1.3 Basic concept and terminologies

  • instance (compared to the instance in oop)

    • the collection of data (information) stored in the DB at a particular moment (ie, a snapshot)
    • The data in the database at a particular moment in time is called a database state or snapshot. It is also called the current set of occurrences or instances in the database.
  • scheme/schema

    • the overall structure (design) of the DB – relatively static

/posts/db/db_l1/schema.png


1.4 Data Abstraction: 3-level architecture

/posts/db/db_l1/3-level.png

  • Internal/Physical Level: the complete details of data storage and access paths for the database. (i.e., SSD,Cloud,disk)(how data are actually stored)

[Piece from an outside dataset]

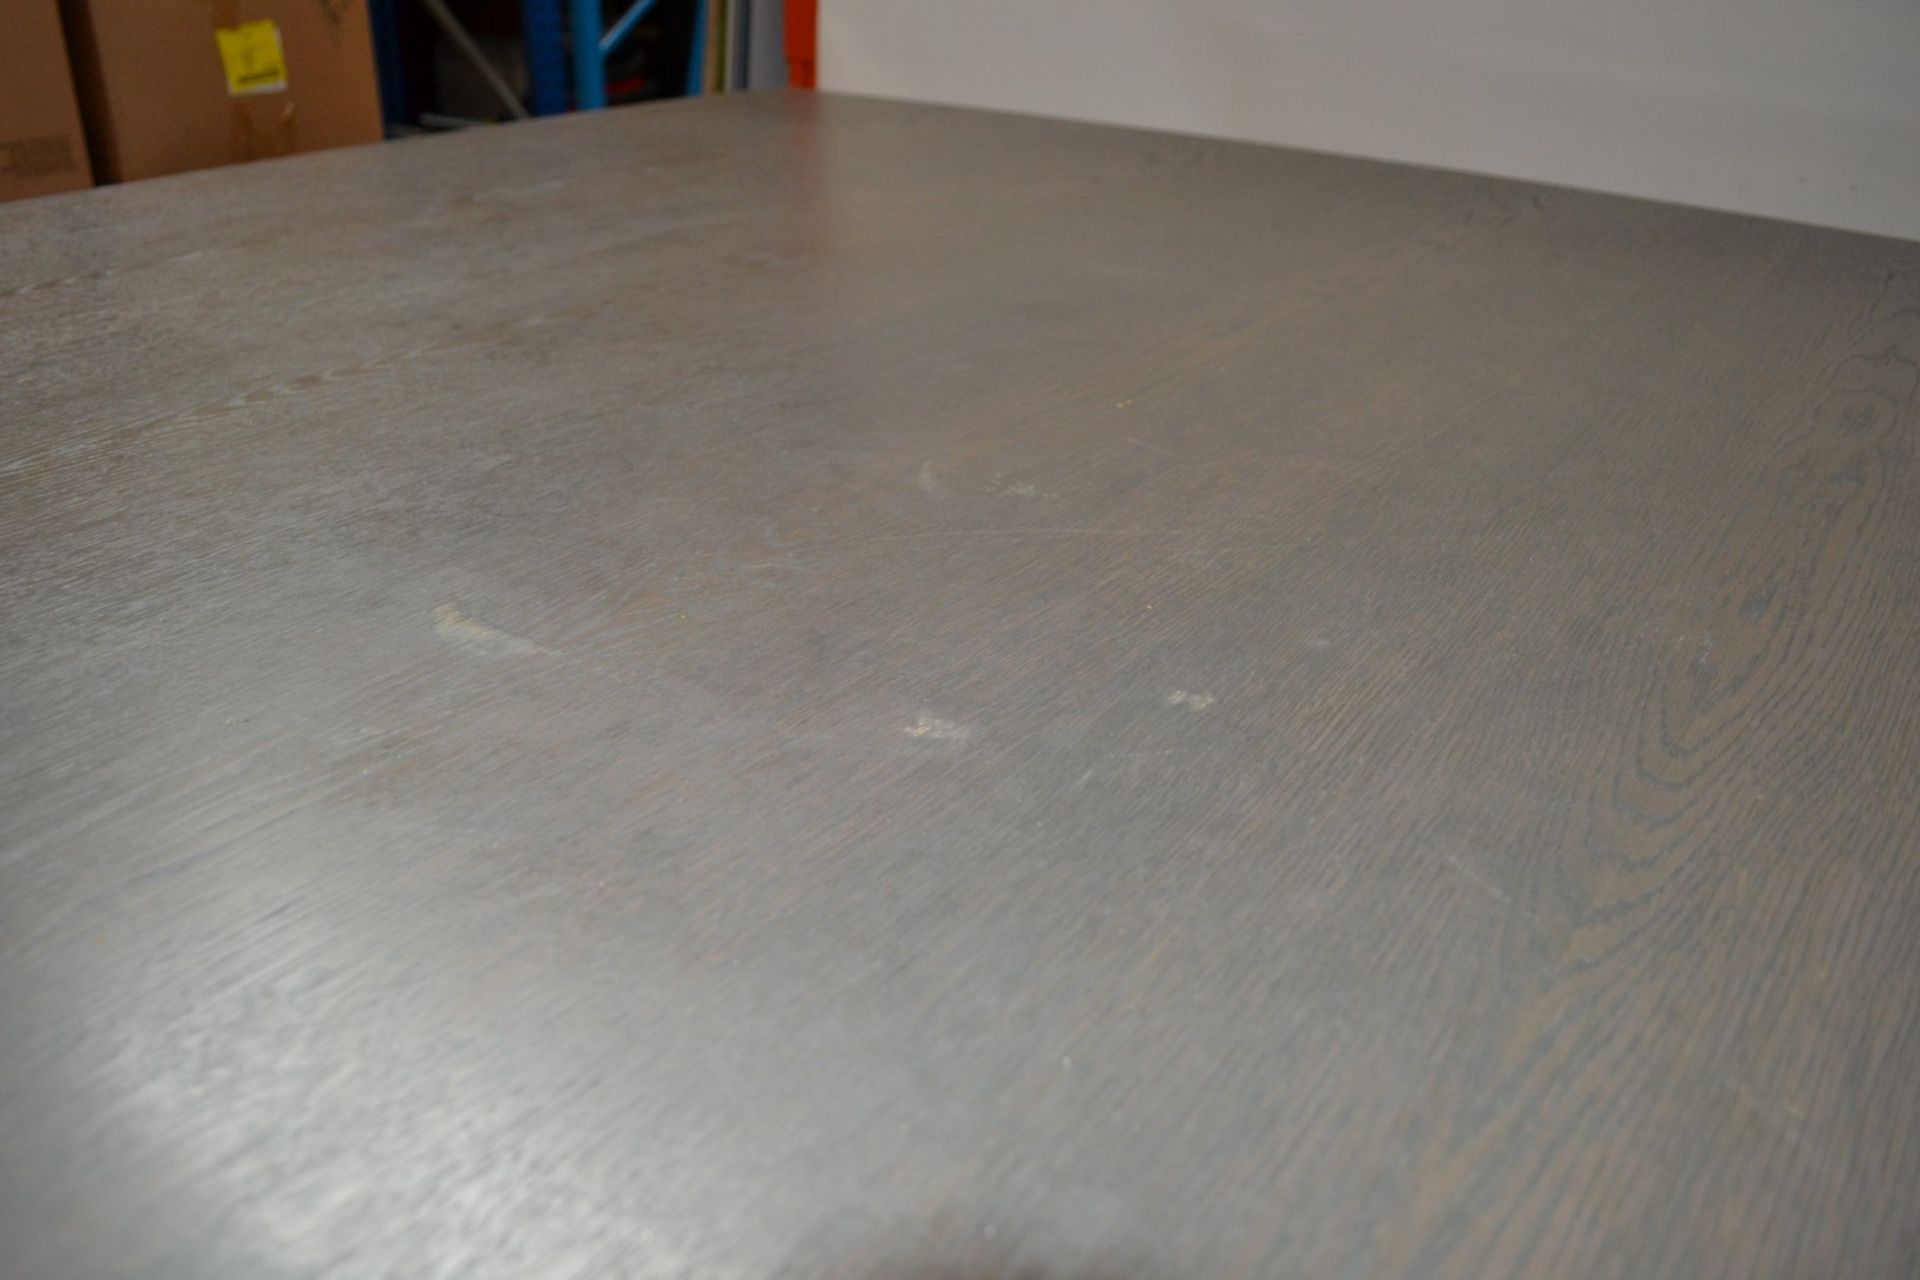 1 x Large Square Wooden Dining Table in a Grey Oak Coloured Finish - CL314 - Location: Altrincham - Image 7 of 10

    • Internal level has an internal schema, which describes the physical storage structure of the database.
  • Conceptual Level: which describes the structure of the whole database. For a 2D array, it will be stored as a “table” in database. It hides the detail of internal level.(what data are actually stored)

    • The conceptual schema hides the details of physical storage structures and concentrates on describing entities, data types, relationships, user operations, and constraints.(data model)
  • External Level: It only privides the data which the user wants and hide the rest of the datbase.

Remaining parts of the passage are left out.